**Problem statement**
Produce as output only the lines below starting at the line with "Navy Ankle Grazing" and continuing through the line with "University of Glasgow", each one exactly as written.

**Data for analysis**
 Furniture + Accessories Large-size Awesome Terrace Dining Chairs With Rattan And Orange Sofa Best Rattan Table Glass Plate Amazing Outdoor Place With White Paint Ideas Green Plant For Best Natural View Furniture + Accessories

...

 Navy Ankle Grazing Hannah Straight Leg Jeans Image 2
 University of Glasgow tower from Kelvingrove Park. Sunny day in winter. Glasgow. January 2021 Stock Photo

--

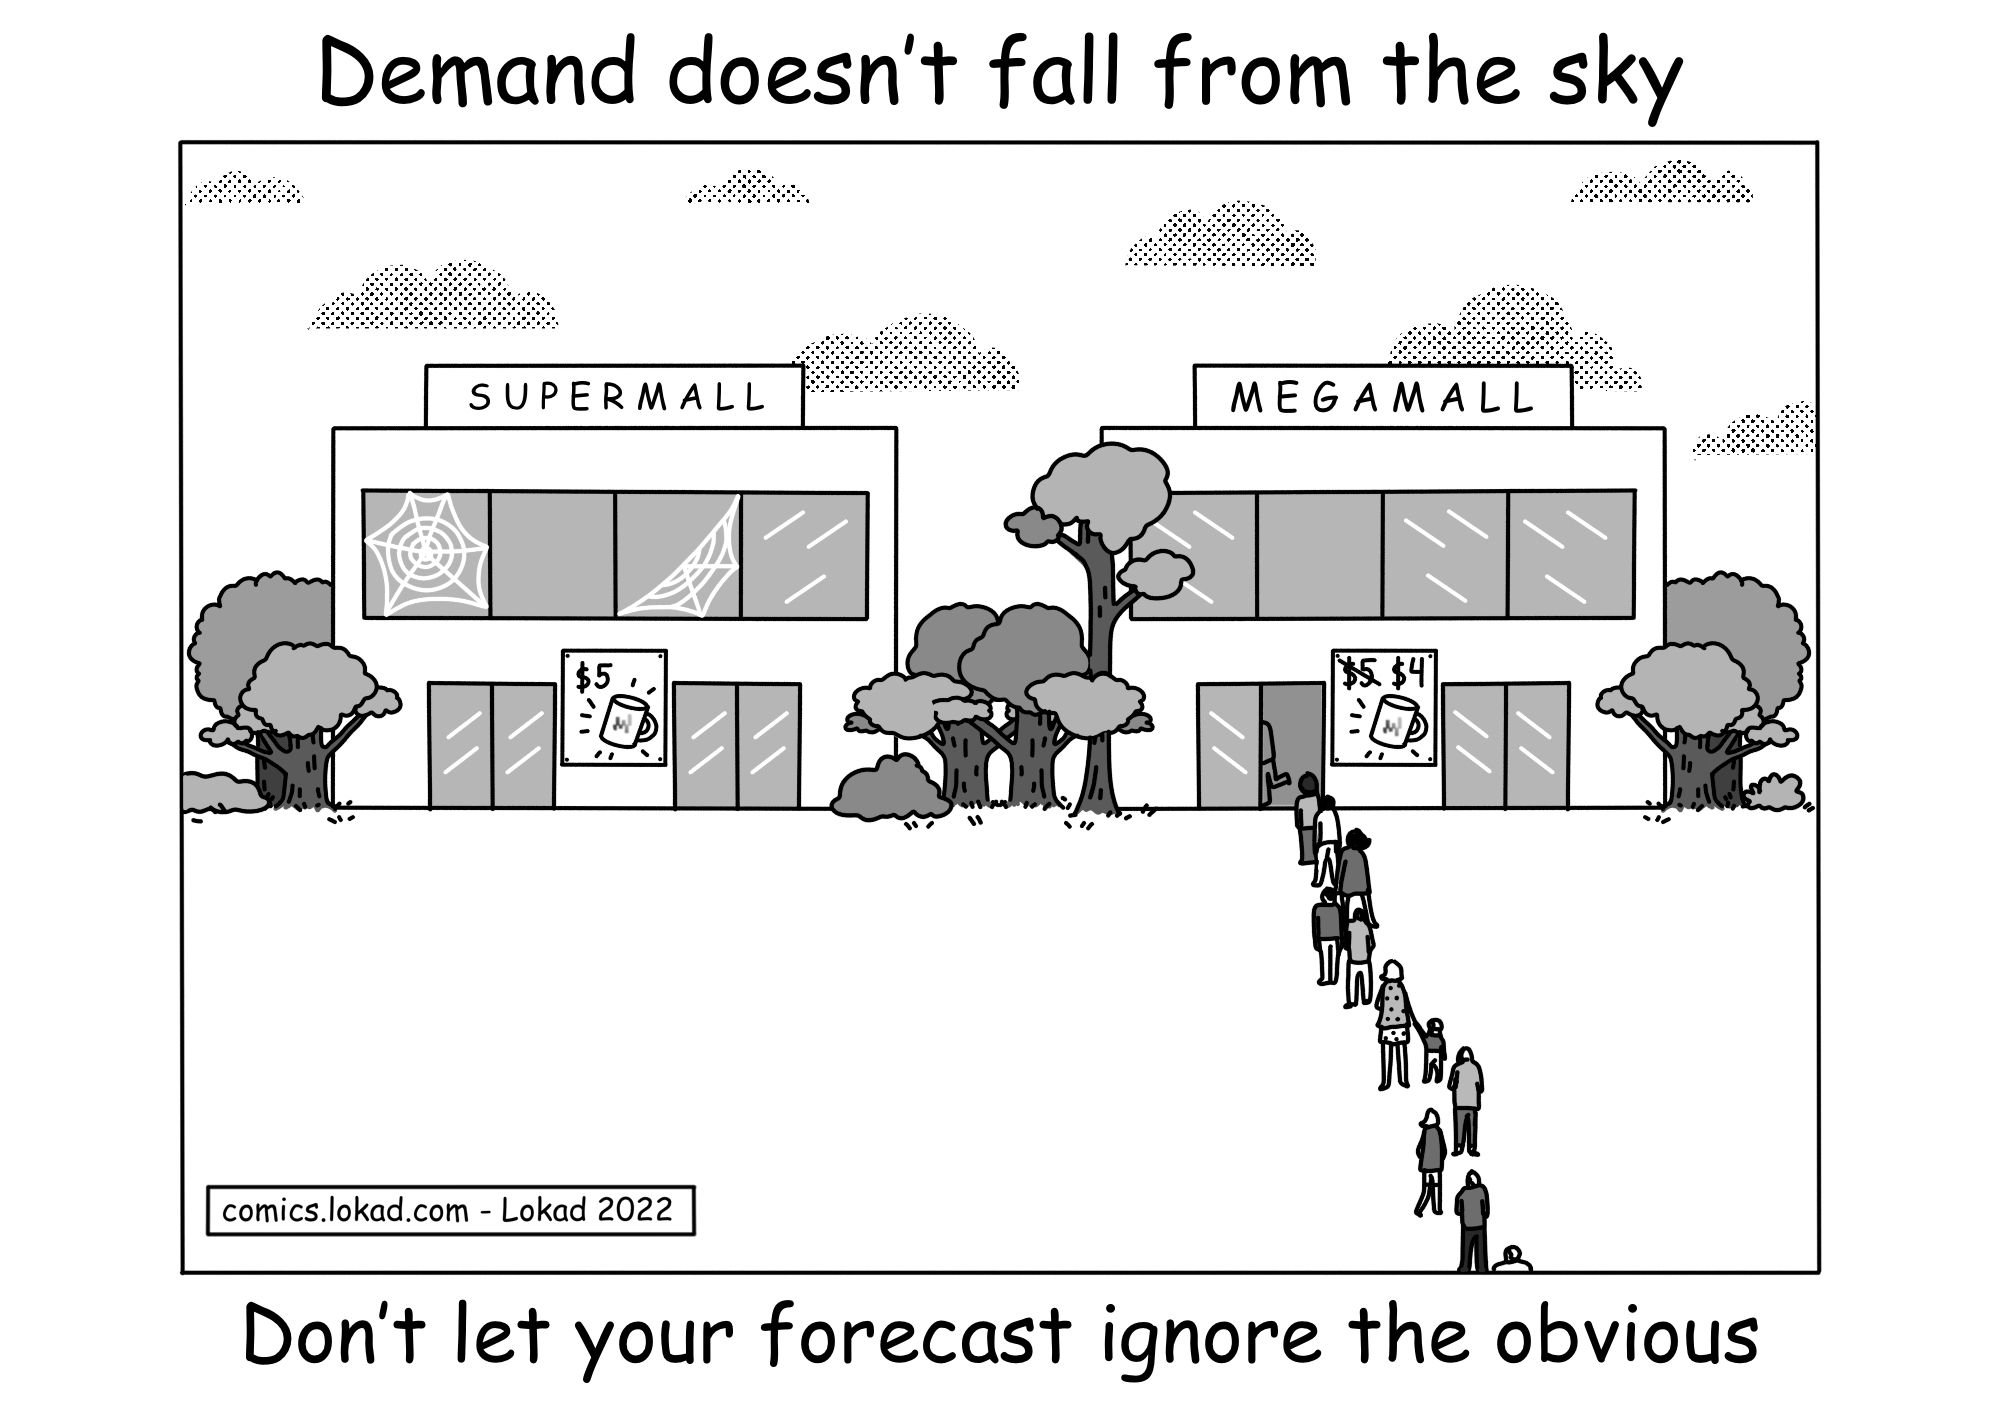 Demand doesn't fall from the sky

**Output for this exercise**
 Navy Ankle Grazing Hannah Straight Leg Jeans Image 2
 University of Glasgow tower from Kelvingrove Park. Sunny day in winter. Glasgow. January 2021 Stock Photo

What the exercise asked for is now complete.